1) Input Bias Current

 One of the practical op-amp limitations is that the input current is not exactly zero as we assume in the current rule. There is a tiny input bias current for an op-amp which is about 80 nA for 741 type op-amps. For FET- input op-amps it may be a few picoamps. The superbeta Darlington LM11 may have an input current of 25 picoamps and the MOSFET ICH8500 is one of the very lowest at 0.01 picoamp. Judgements have to be made because those with the lowest input bias currents cannot operate at high speed. For high speed one may choose an op-amp with higher bias current at the cost of seeing some voltage drop across the resistors of the feedback network, bias network or source impedance.

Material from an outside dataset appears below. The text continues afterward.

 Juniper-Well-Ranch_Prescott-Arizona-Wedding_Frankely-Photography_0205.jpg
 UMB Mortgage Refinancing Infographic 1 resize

This may restrict you to smaller resistors and place practical limits on gain, or may produce some variations in output voltage.

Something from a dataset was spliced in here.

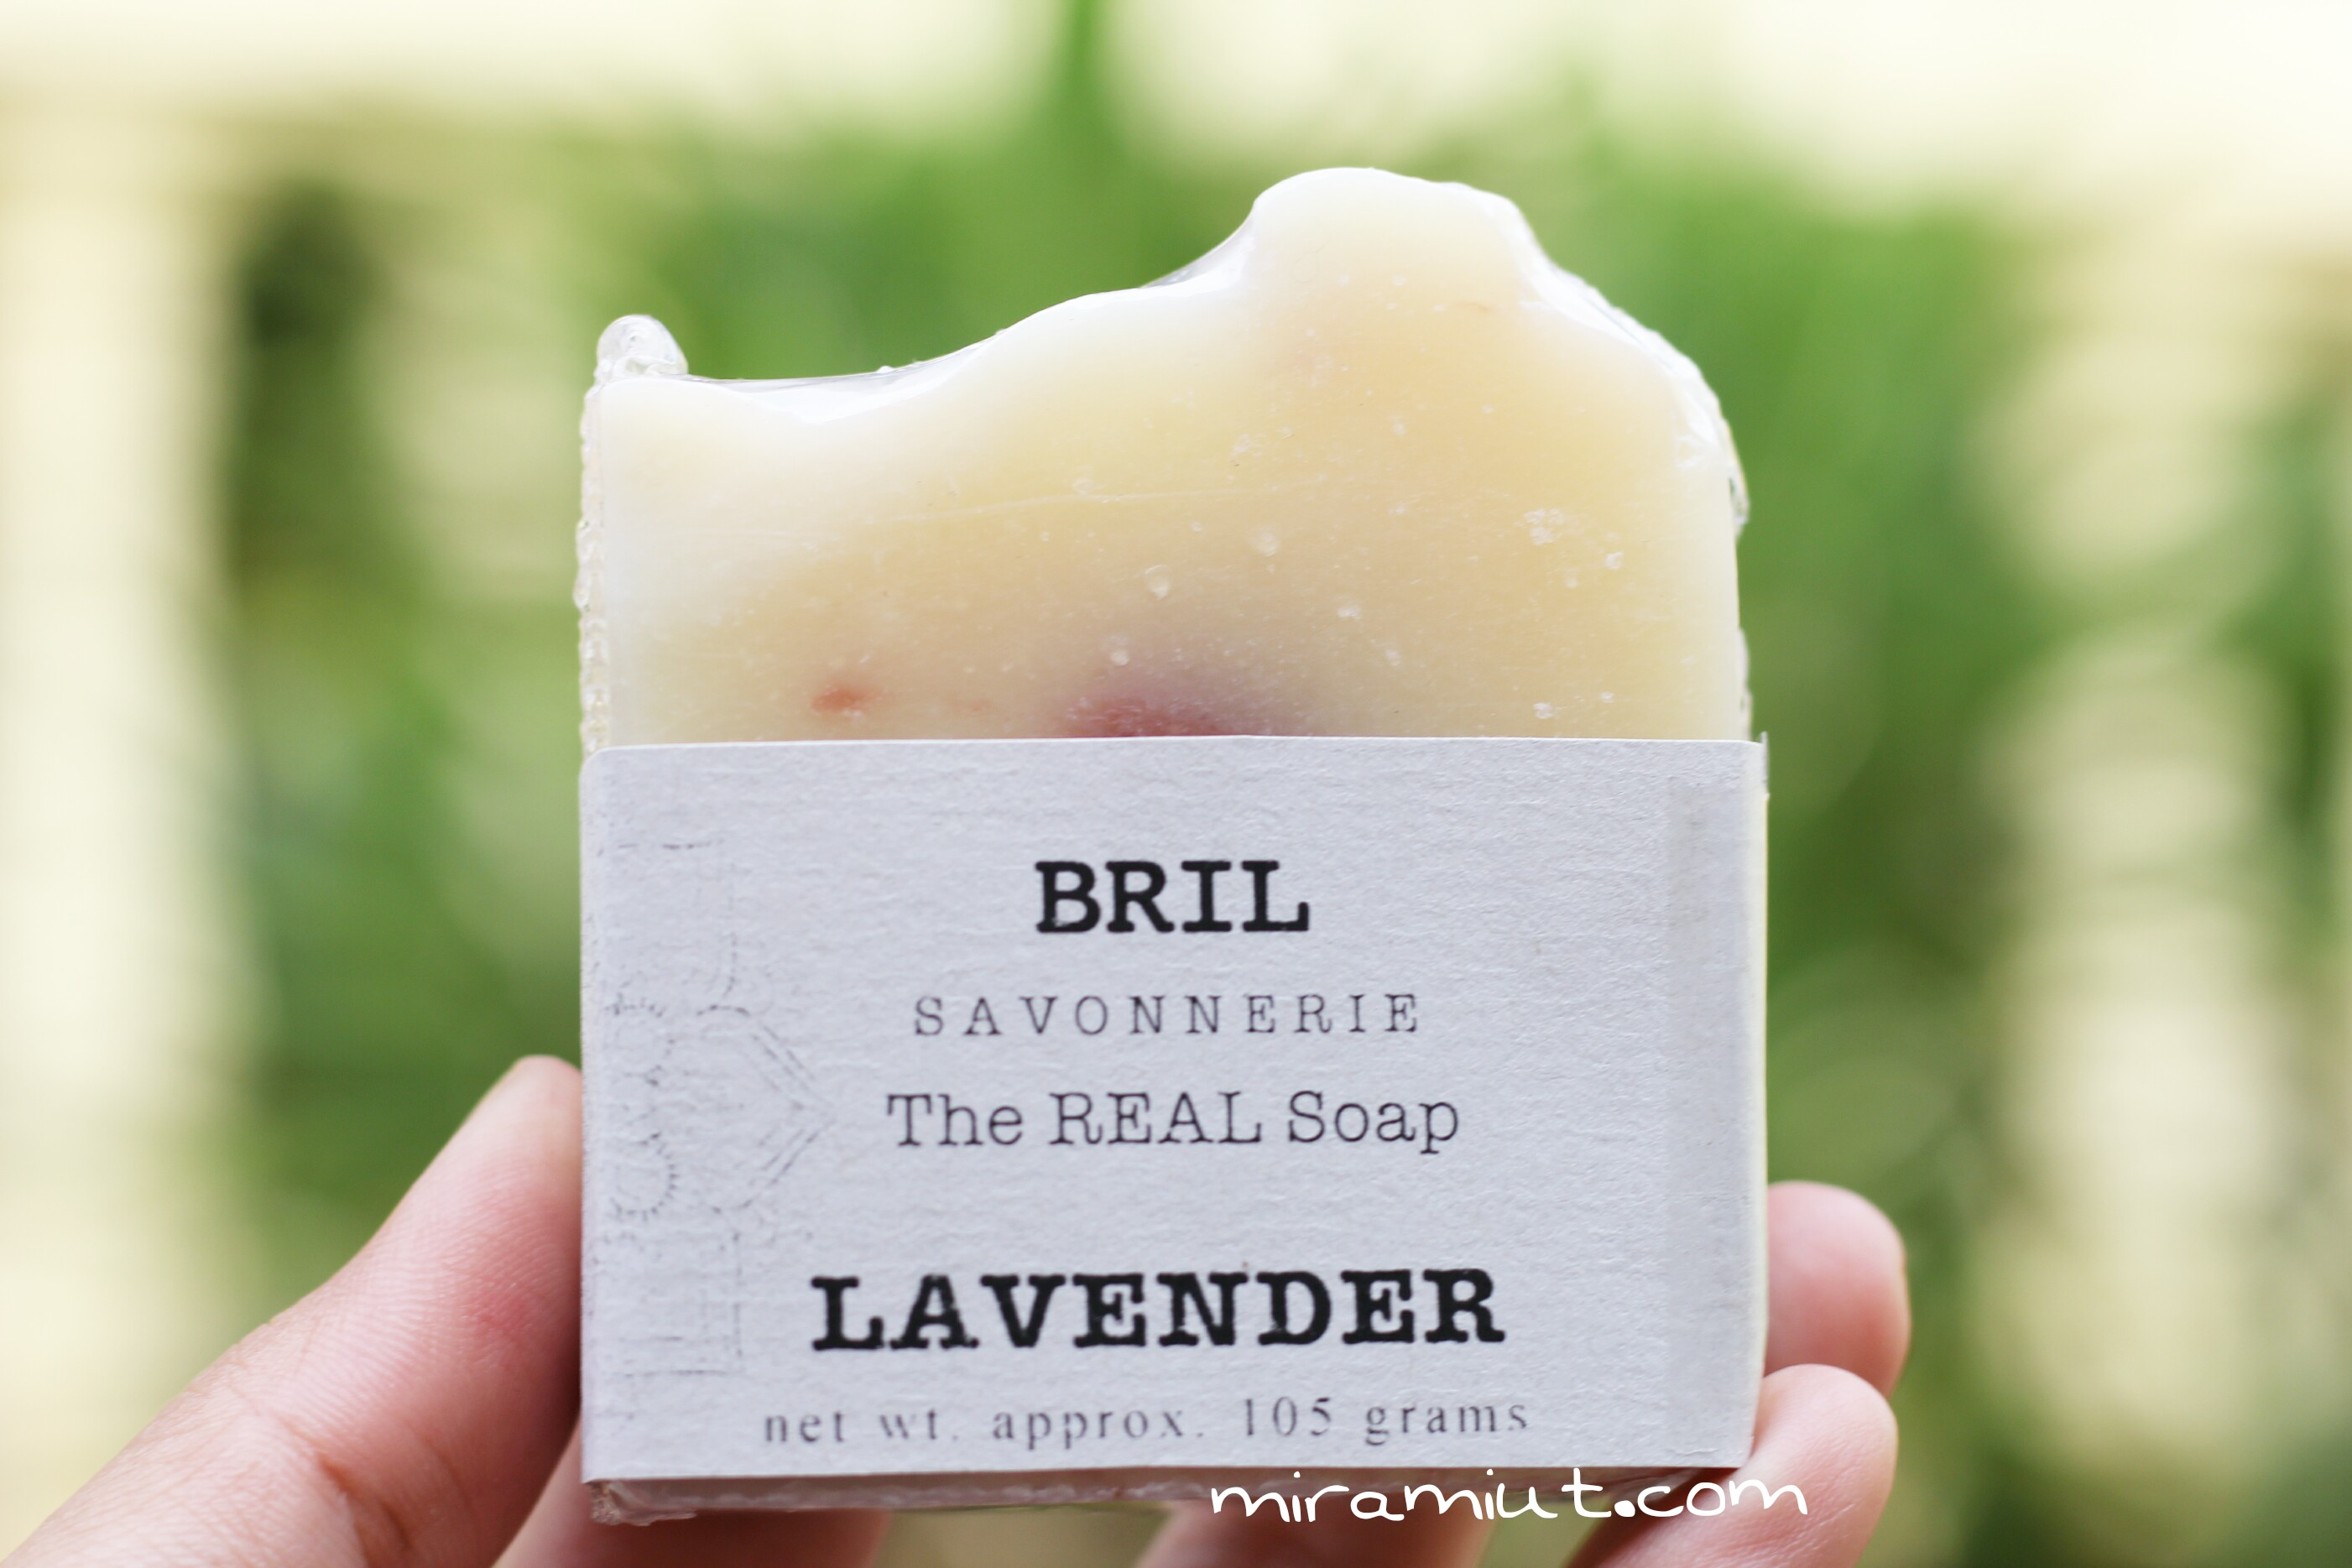 Sabun organik lavender bril savonnerie

(Figure 1) Input Bias Current Effect

2) Input Offset Voltage

 An ideal op-amp amplifies the differential input; if this input is 0 volts (i.e. both inputs are at the same voltage with respect to ground), the output should be zero. However, due to manufacturing process, the differential input transistors of real op-amps may not be exactly matched. This causes the output to be zero at a non-zero value of differential input, called the input offset voltage.

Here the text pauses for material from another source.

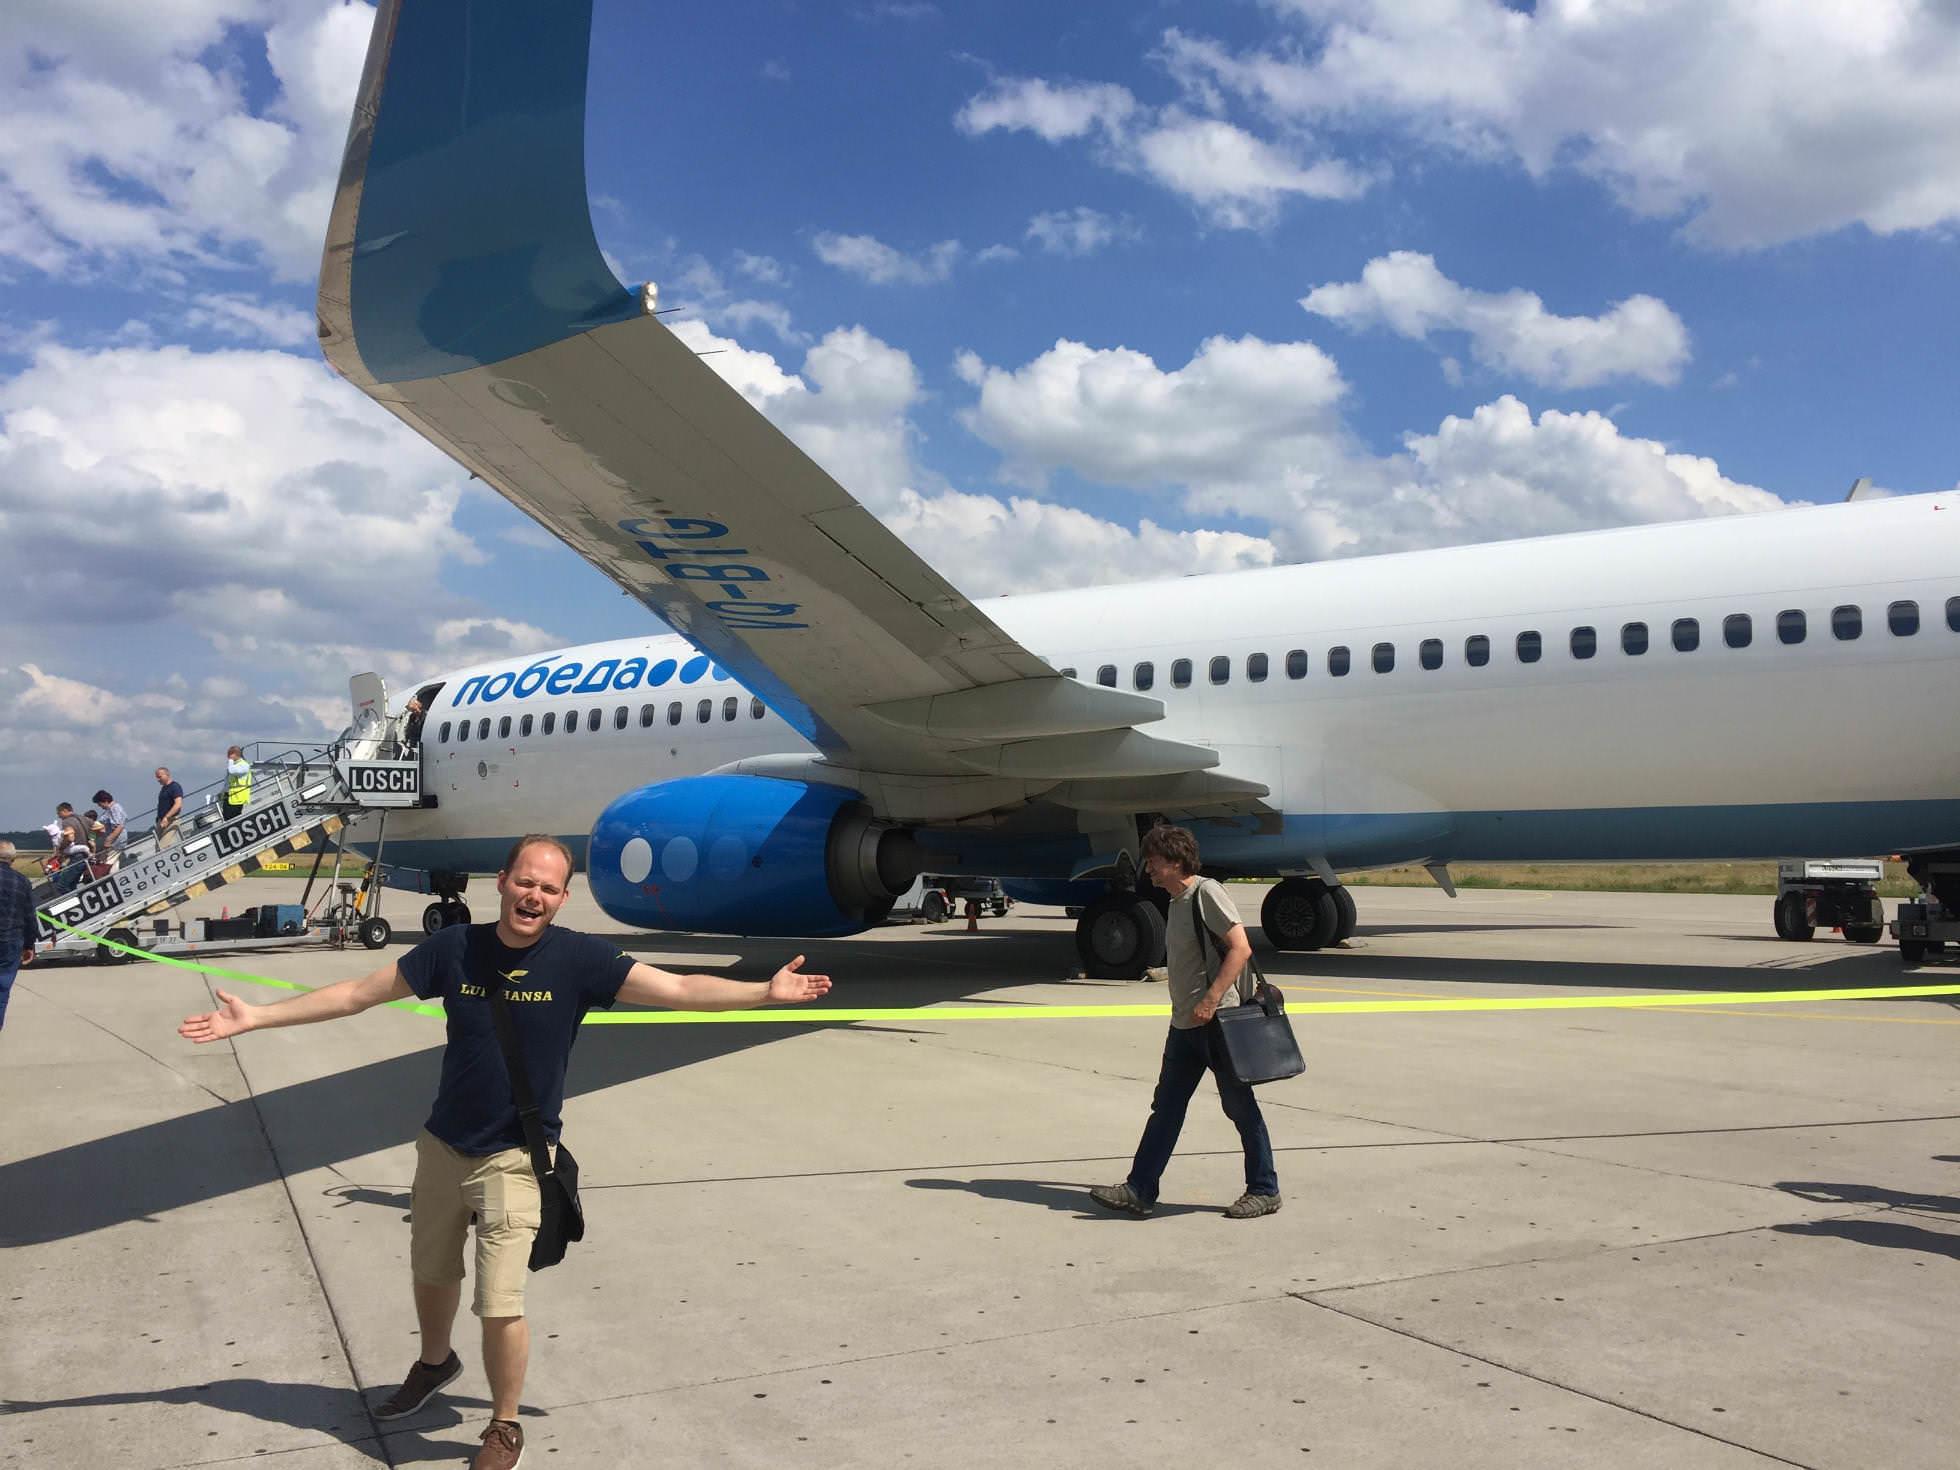 Pobeda Flugzeug Vnukovo Airport

Typical values for Vos are around 1 to 0.1V for cheap commercial-grade op-amp integrated circuits. This can be reduced to several microvolts if nulled using the integrated cirduits’ offset null pins or using higher-quality or laser-trimmed devices.

(Figure 2) Noninverting Amplifier’s Output Error

3) Input & Output Range

 We often receive applications questions relating to the power supply, input and output voltage range capabilities of our op amps. It can be confusing so here is an attempt to sort it out. First, common op amps don’t have ground terminals. A standard op amp does not “know” where ground is so it cannot know whether it is operating from a dual supply (±) or from a single power supply. As long as the power supply, input and output voltages are within their operating ranges, all is good

(Figure 3) Input & Output Voltage Specification

(Figure 4) OP-Amp Current Flow Chart

4) Slew Rate

 The ideal op-amp has an infinite frequency response. This means that no matter how fast the input changes, the output will be able to keep up. In real op-amps, this is not the case, and when the input changes too fast the output is not able to keep up.

(Figure 5) Slew Rate Characteristic & Signal

5) Common Mode Rejection Ratio

 The common-mode rejection ratio (CMRR) of a differential amplifier (or other device) measures the ability of the device to reject common-mode signals, those that appear simultaneously and in-phase on both amplifier inputs. An ideal differential amplifier would have infinite CMRR; this is not achievable in practice. A high CMRR is required when a differential signal must be amplified in the presence of a possibly large common-mode input. An example is audio transmission over balanced lines.

(Figure 6) CMRR Formula

 CMRR can affect a current sensing solution’s accuracy. It is a measure of a device’s ability to reject common-mode signals. This is important because common-mode signals can manifest themselves inside a device as differential signals, thereby decreasing the accuracy of a solution.

(Figure 7) CMRR effect